为完成持续集成测试,测试沙盒必不可少。"沙盒"是一个完整的功能环境,在这里脚本能够被编译,测试和运行。

  • 在开发沙盒中,我们准备了少量的核心数据,用以测试sql脚本的质量。
  • 在系统级集成测试沙盒中,我们还准备了一个小型数据库,这个数据库包含了一部分核心数据,着重测试数据迁移过程的逻辑转换。
  • 在生产环境级测试沙盒中,由于数据库来源于实际数据备份,因此数据处于不断变化状态,这就更需要不断运行测试脚本,避免脏数据和数据丢失。由于生产环境数 据量相对大了许多,我们可以适当减少测试次数以减少对开发资源的消耗。同时,其它测试脚本,如变更数据库结构的脚本,都可以和数据迁移脚本组织在一起,一 次性完成测试。

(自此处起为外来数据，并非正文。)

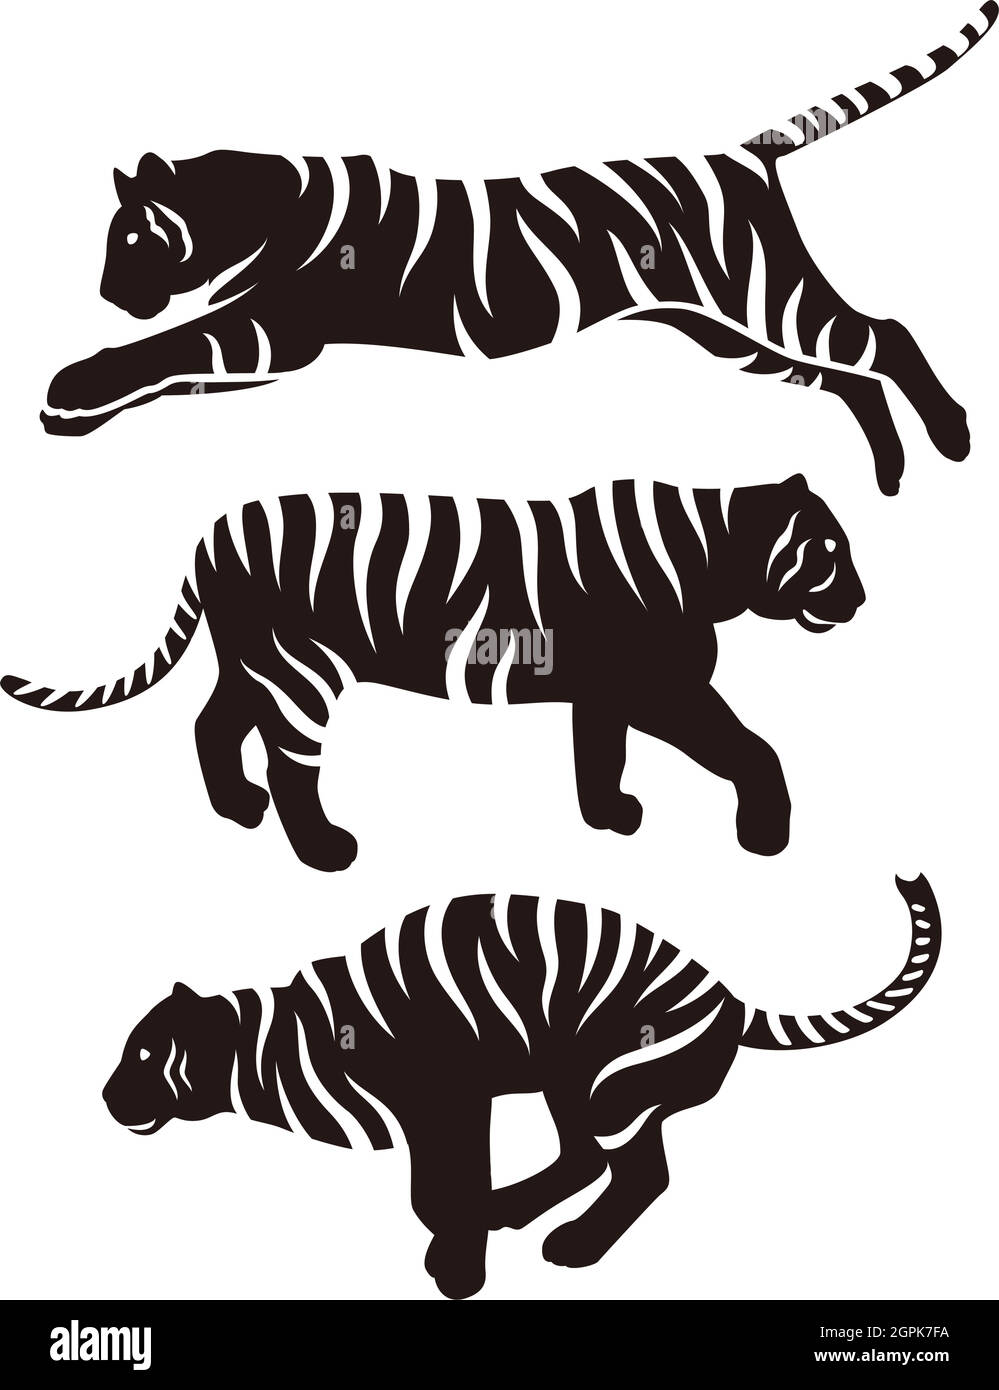 Tiger Silhouette Illustrationsset Stock Vektor
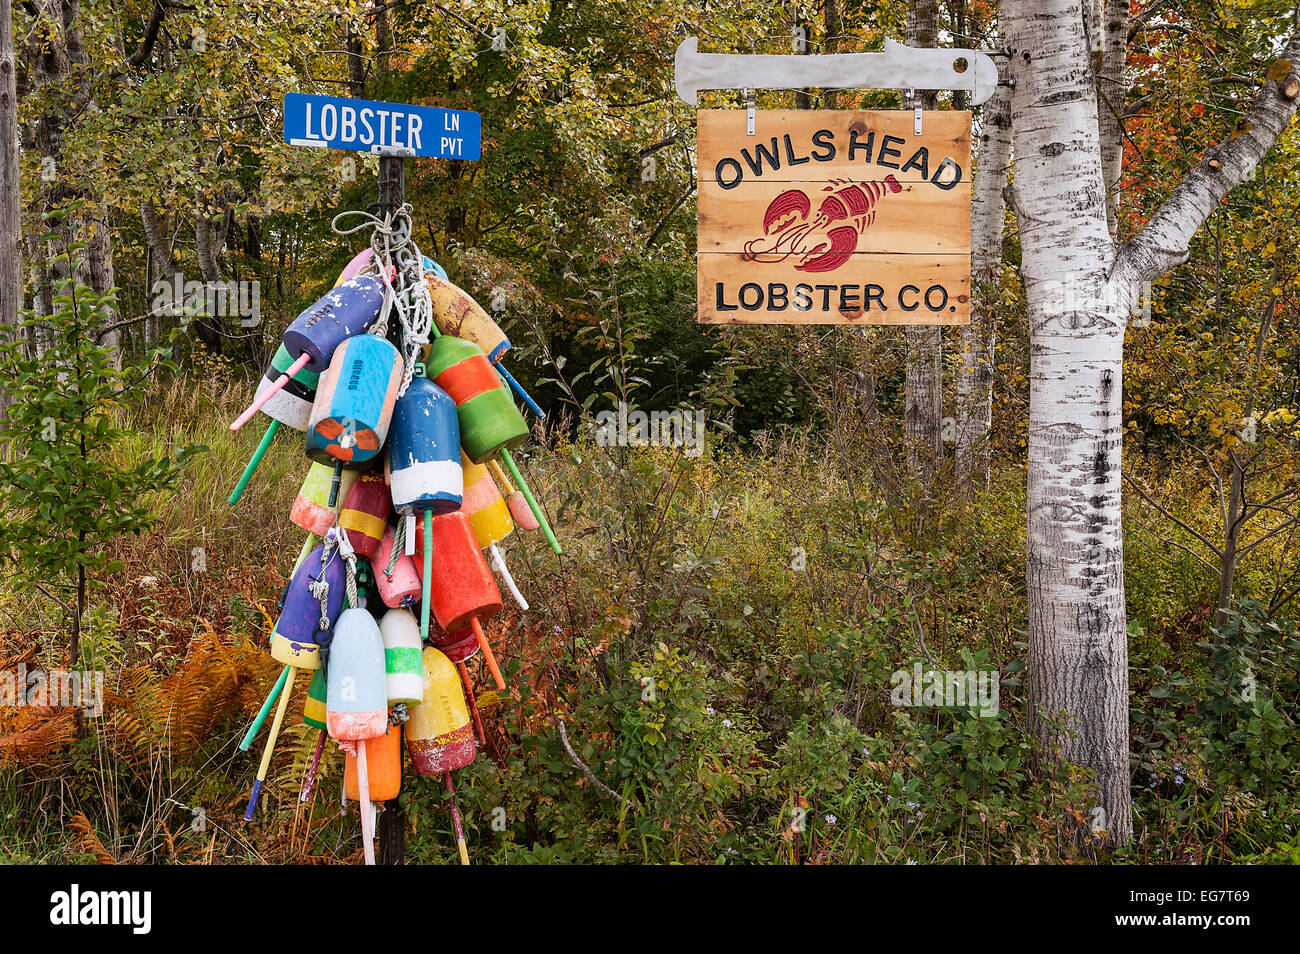 Les bouées de homard, Owls Head, Maine, USA. Banque D'Images

    同样,我们采用自动化机制维护这些开发测试沙盒。

    将测试置于持续集成环境中,下图是处于持续集成环境的测试任务。

  1. 工具选择

选择数据迁移工具应当以帮助提高工作效率和数据迁移运行效率为原则。通常最直接的方法是编写sql脚本,借助其它工具也能起到很好的效果,比如MS SSIS等。然而我们发现,过多的引入第三方工具往往带来的麻烦也多,例如,我们不得不花时间来学习这些工具的某些特殊用法,有时工具也会产生bug,以至于不得不再花时间解决这些bug,而这与最初的开发目标相背离。因此,有效的方法是尽量使用sql脚本执行所有的迁移工作,同时也得到了最佳的执行效率。

  1. 保留中间结果用于脚本调试

相比设计语言,Sql语句较难调试,即使有些数据库产品提供了调试工具,但是调试数据结果集仍然是项挑战性的工作。尤其在旧系统到新系统的迁移过程中,业务逻辑发生巨大变化,客户经常要求提供某些证据,来解释他们对数据迁移结果的怀疑。保留中间环节数据,不仅方便调试,也方便数据追溯,为开发带来更高效率。以下举例说明:

SELECT

...

into debug_allpersonhistroy

FROM

oldDB.dbo.personhistory -- 这是在旧系统中定义的业务存储表

...

--省略复杂的过滤逻辑

select column1...columnN

into debug_allpersonhistroy_aftermapping --保留这一步数据集合

from debug_allpersonhistroy inner join mappingtableBtwOldandNew

...

--省略复杂的过滤逻辑

SELECT

...

FROM

newdb.dbo.contactHistory -- 这是在新系统中定义的业务存储表

...

--省略复杂的过滤逻辑

Go

典型问题

数据迁移在不同的场景往往出现不同的问题,单凭经验也不能全部解决。运用头脑风暴,集中团队中所有力量思考所有可能出现的问题并加以避免。有时开发员遇到的问题也帮助DBA少走弯路。最终,头脑风暴能够提供我们的是一份有价值的列表,里面包含各种问题和注意事项:

  1. 一致性检查

一致性检查包括:字符编码检查、语言设置、环境参数设置等。

迁移过程常出问题的是字符集,它带来的问题是数据乱码。不同系统在最初设计时应用的字符集或编码格式未必相同。在迁移过程中,单凭缺省设置是不够不安全的。有效的办法是在项目伊始,即确认系统间环境一致性。在新系统中采用兼容性的unicode编码也能够解决这些问题。

  1. 控制NULL的使用

由于旧系统本身很少使用约束,以至于在表连接查询中出现大量无法得到正确匹配的数据。在 sql中,当我们试图使用自然连接,我们发现某些数据丢失了,如果使用外连接,这将会带来一种新的脏数据:NULL。从数据库设计角度,NULL不代表任何含义,而实际情况中,很多数据库建模往往给NULL赋予含义,甚至多种含义,以至于不同的查询需求要视不同的业务逻辑对待。在旧系统里,这种现象比比皆是,无疑给迁移带来了不少麻烦。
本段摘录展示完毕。